» THE TASK
Every line from the one containing "Sony công bố" to the end of the data below should be copied exactly, but pictures should not.

» SUPPLIED MATERIAL
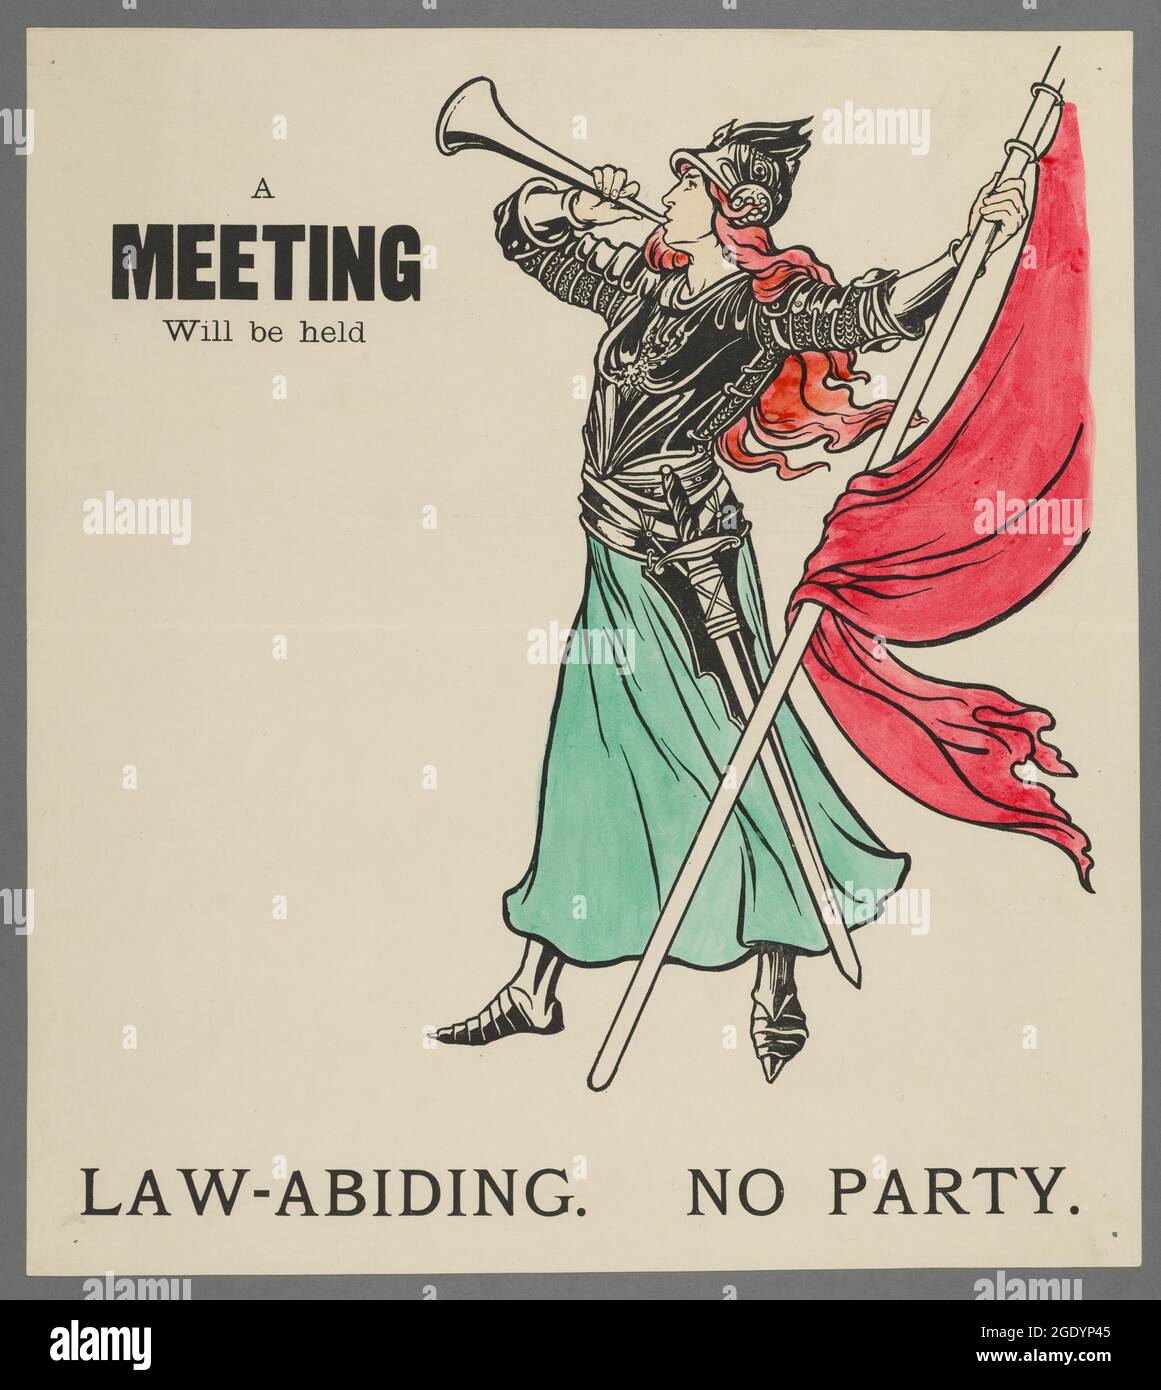 Affiche de suffrage: Une réunion aura lieu. Respect des lois. Pas de fête. Banque D'Images
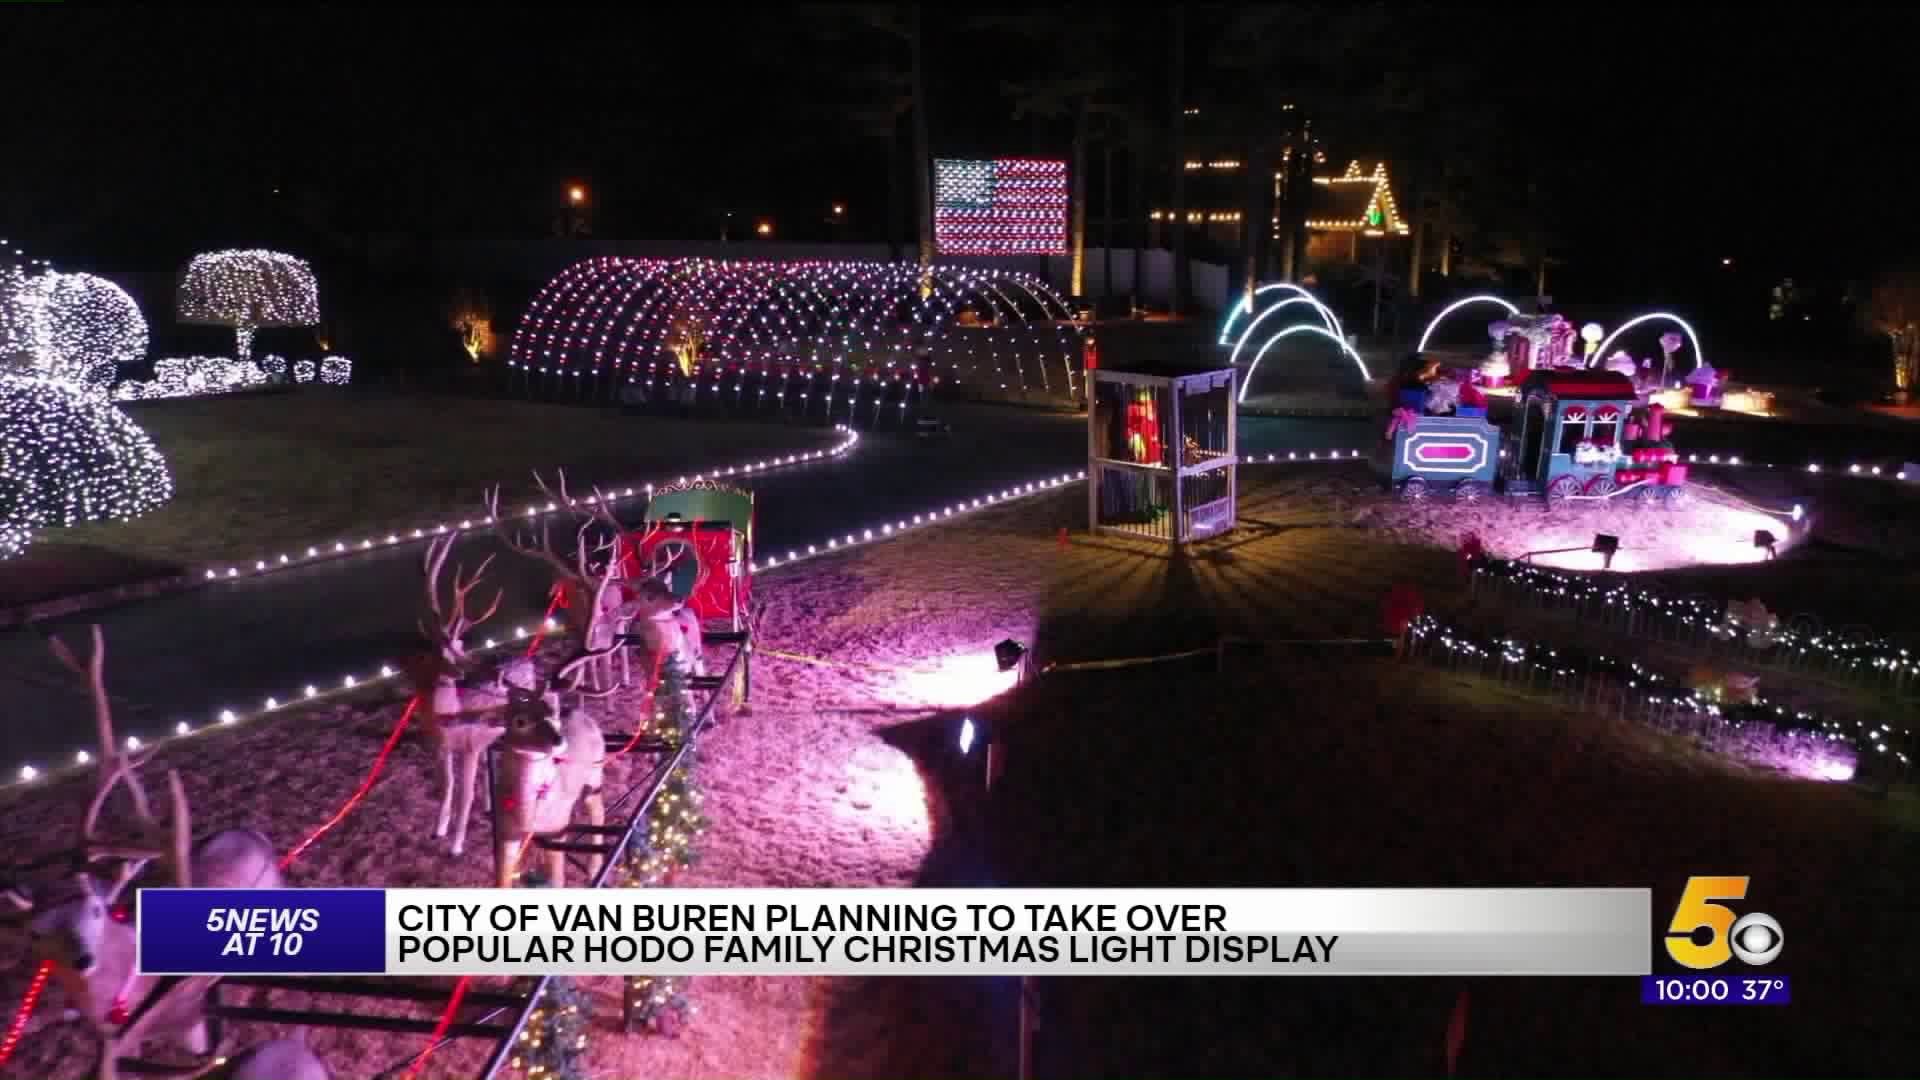 City Of Van Buren Plans On Taking Over Hodo Family Christmas Light Display
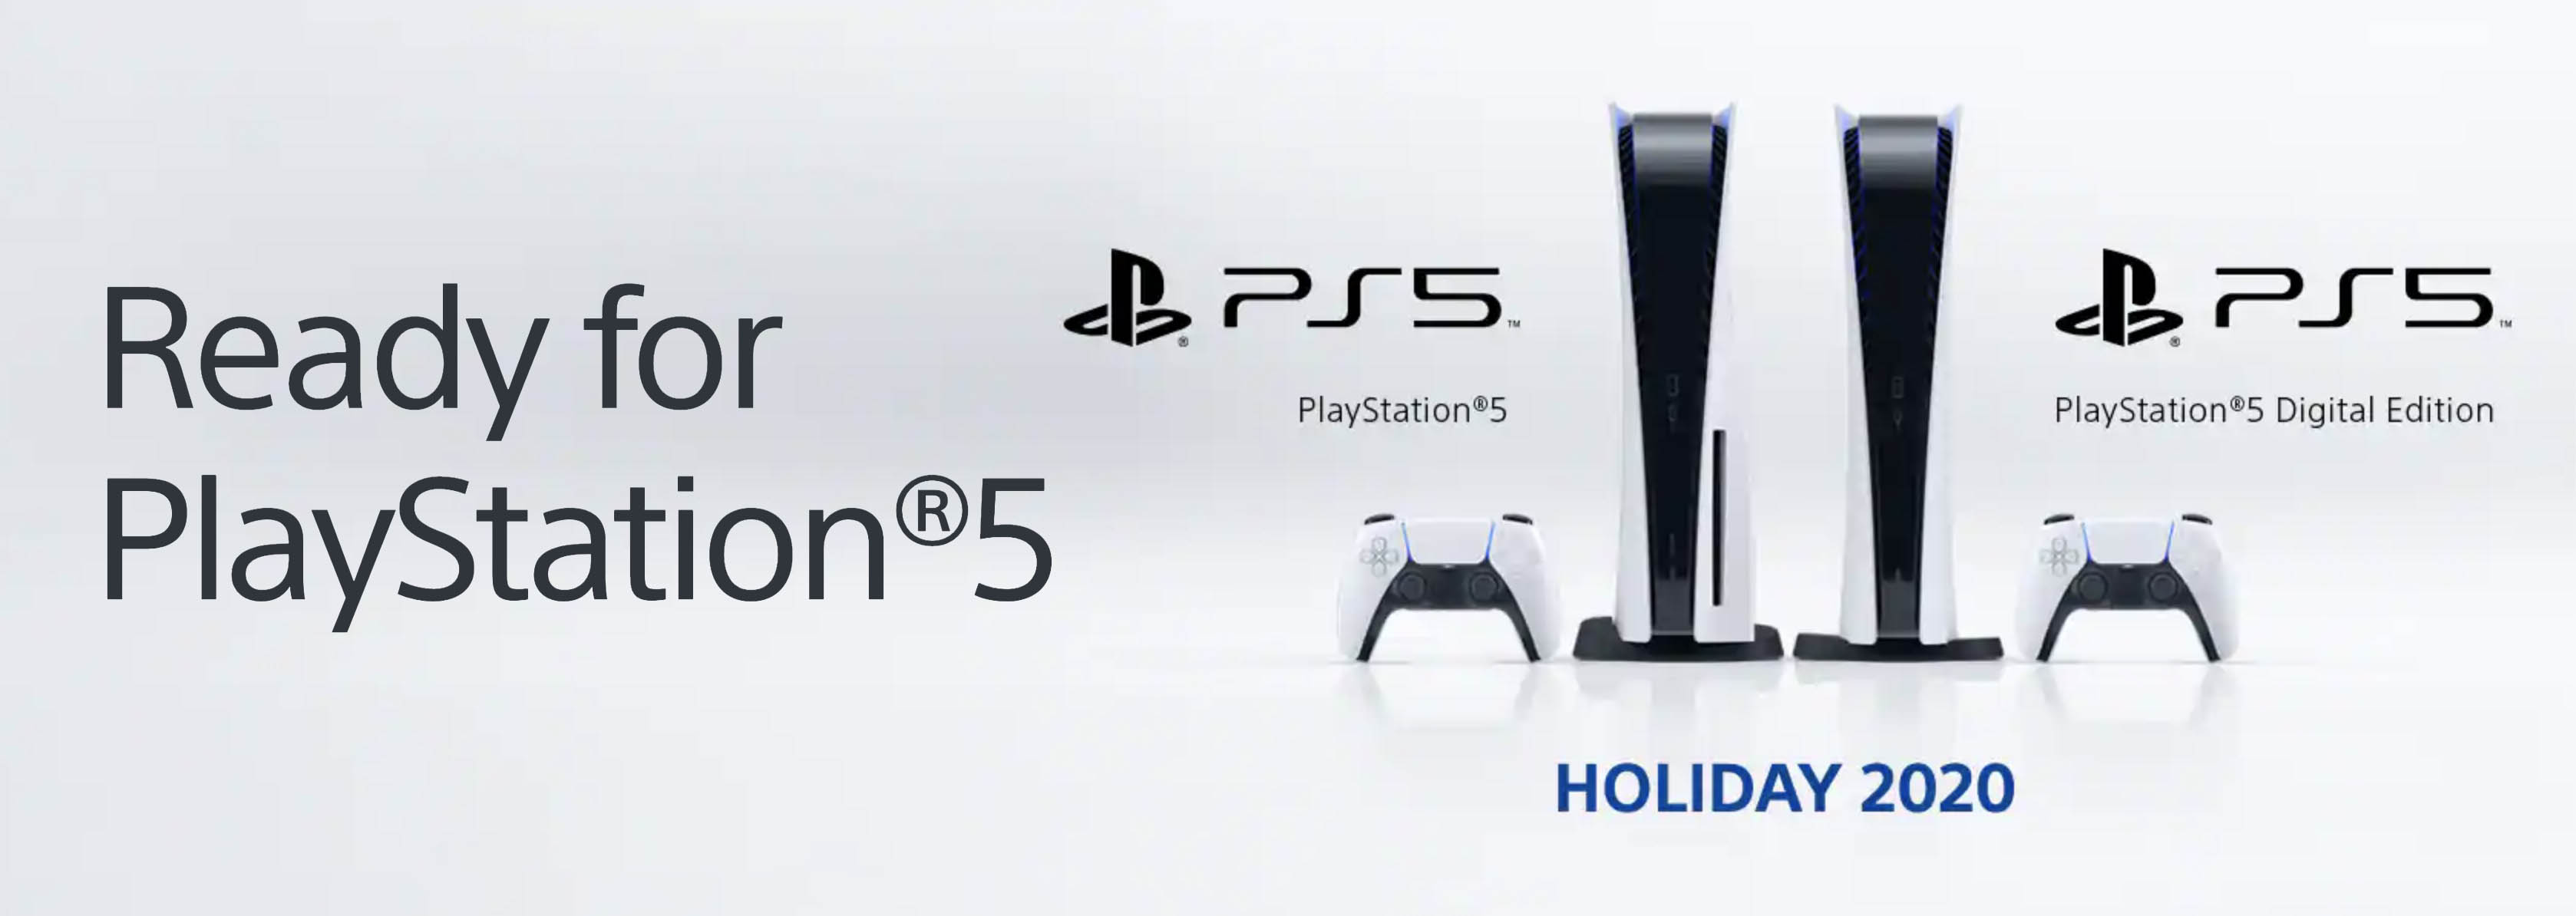 Sony công bố chiến dịch “Ready For Playstation 5” cùng các dòng TV Bravia 2020
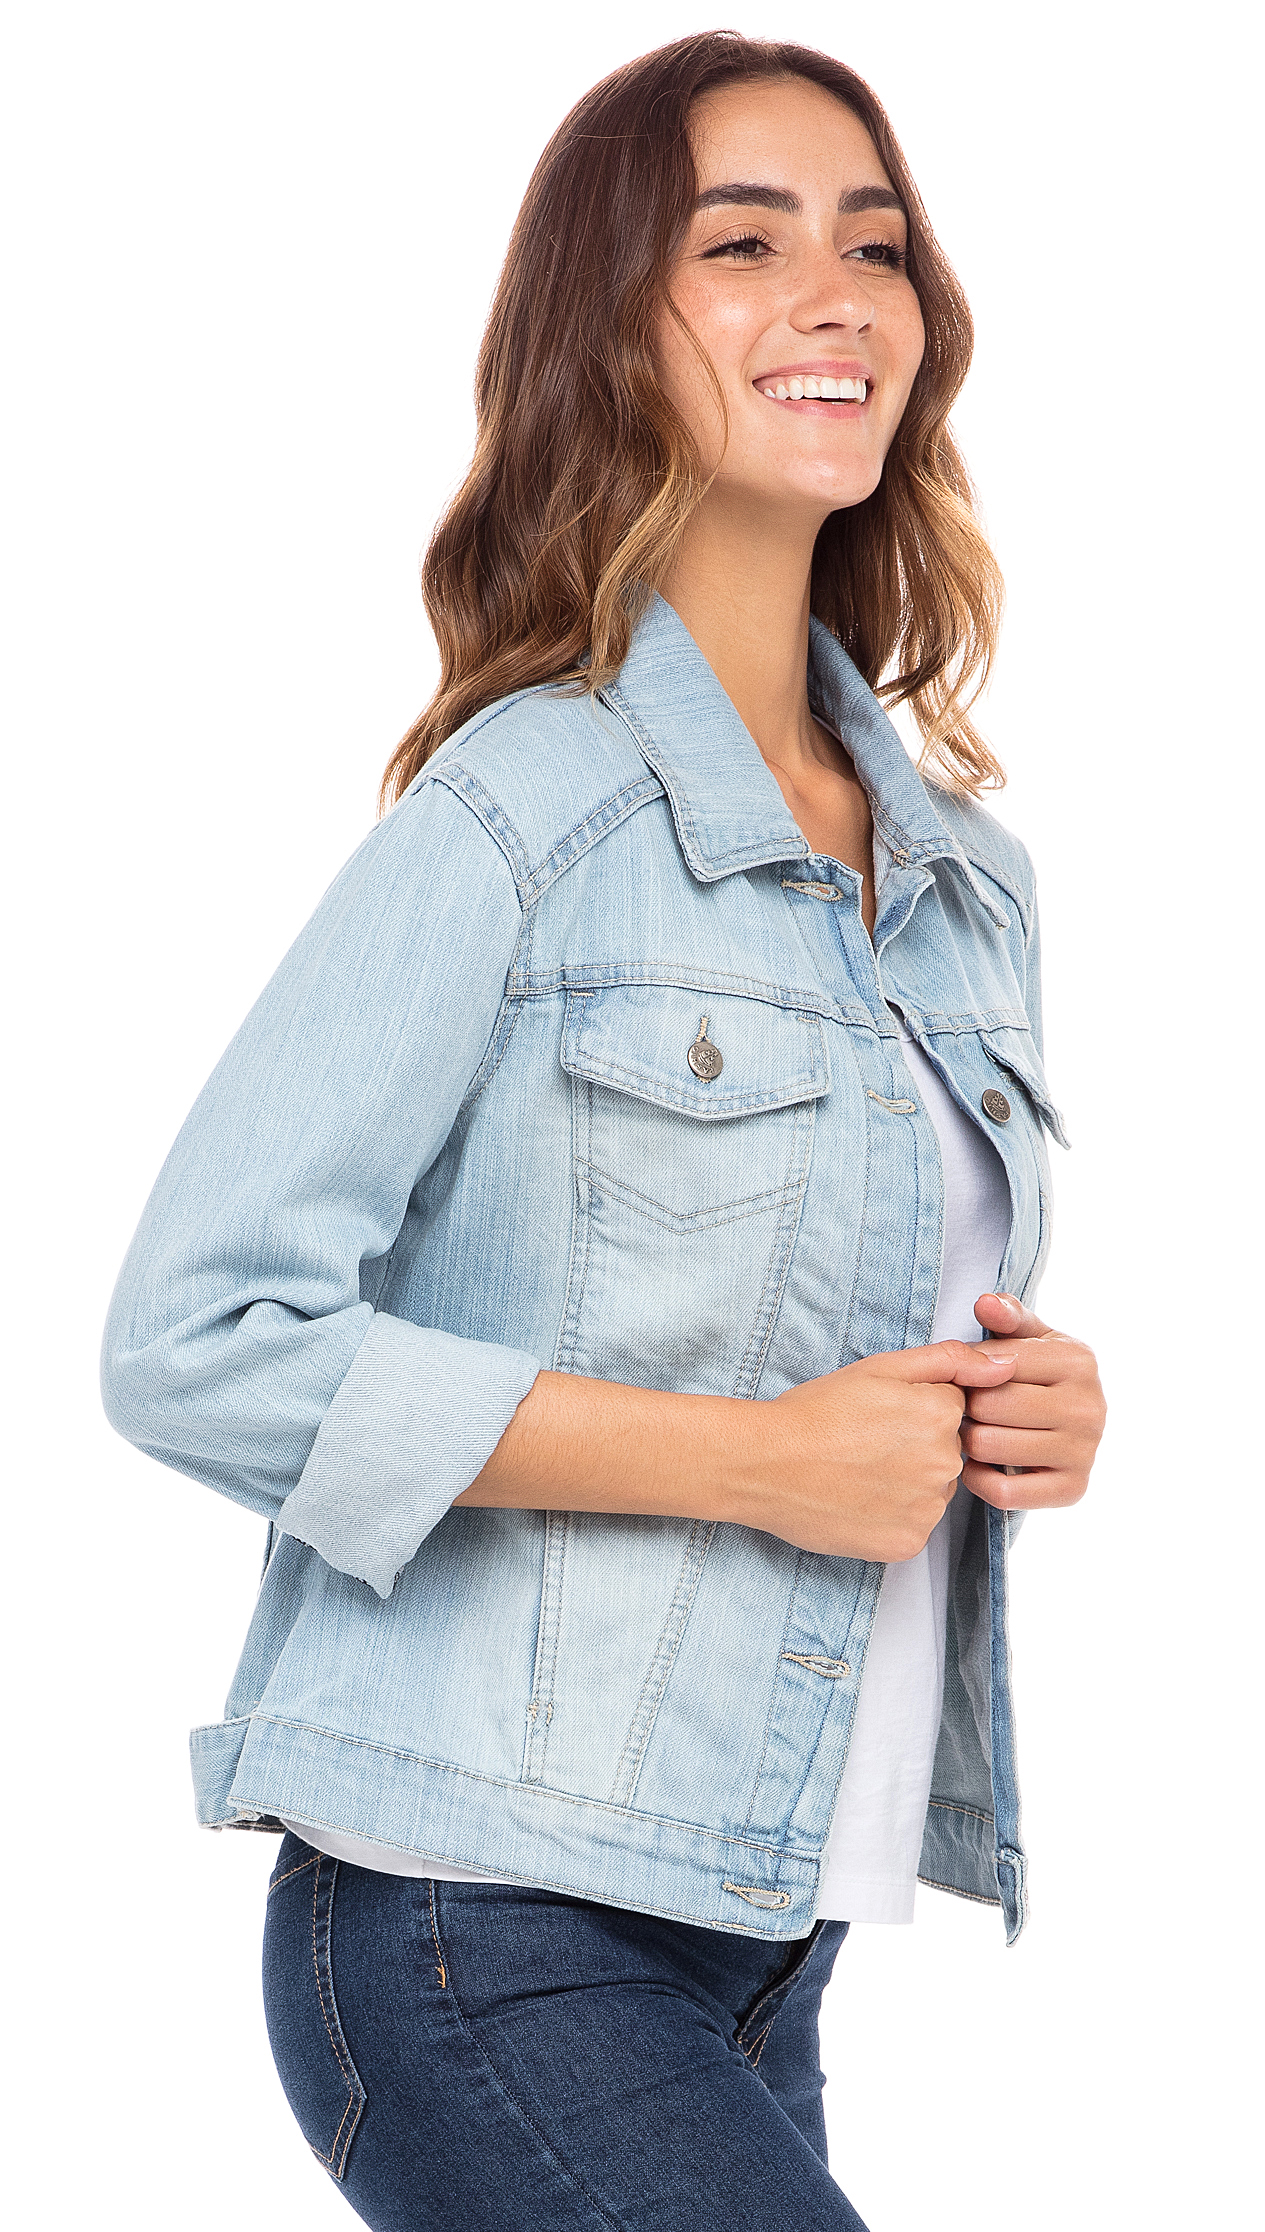 SKYLINEWEARS Women Denim Jacket Button UP Long Sleeve Ladies Stretch Trucker Jean Jackets - image 2 of 5

» OUTPUT BELOW
 Sony công bố chiến dịch “Ready For Playstation 5” cùng các dòng TV Bravia 2020
 SKYLINEWEARS Women Denim Jacket Button UP Long Sleeve Ladies Stretch Trucker Jean Jackets - image 2 of 5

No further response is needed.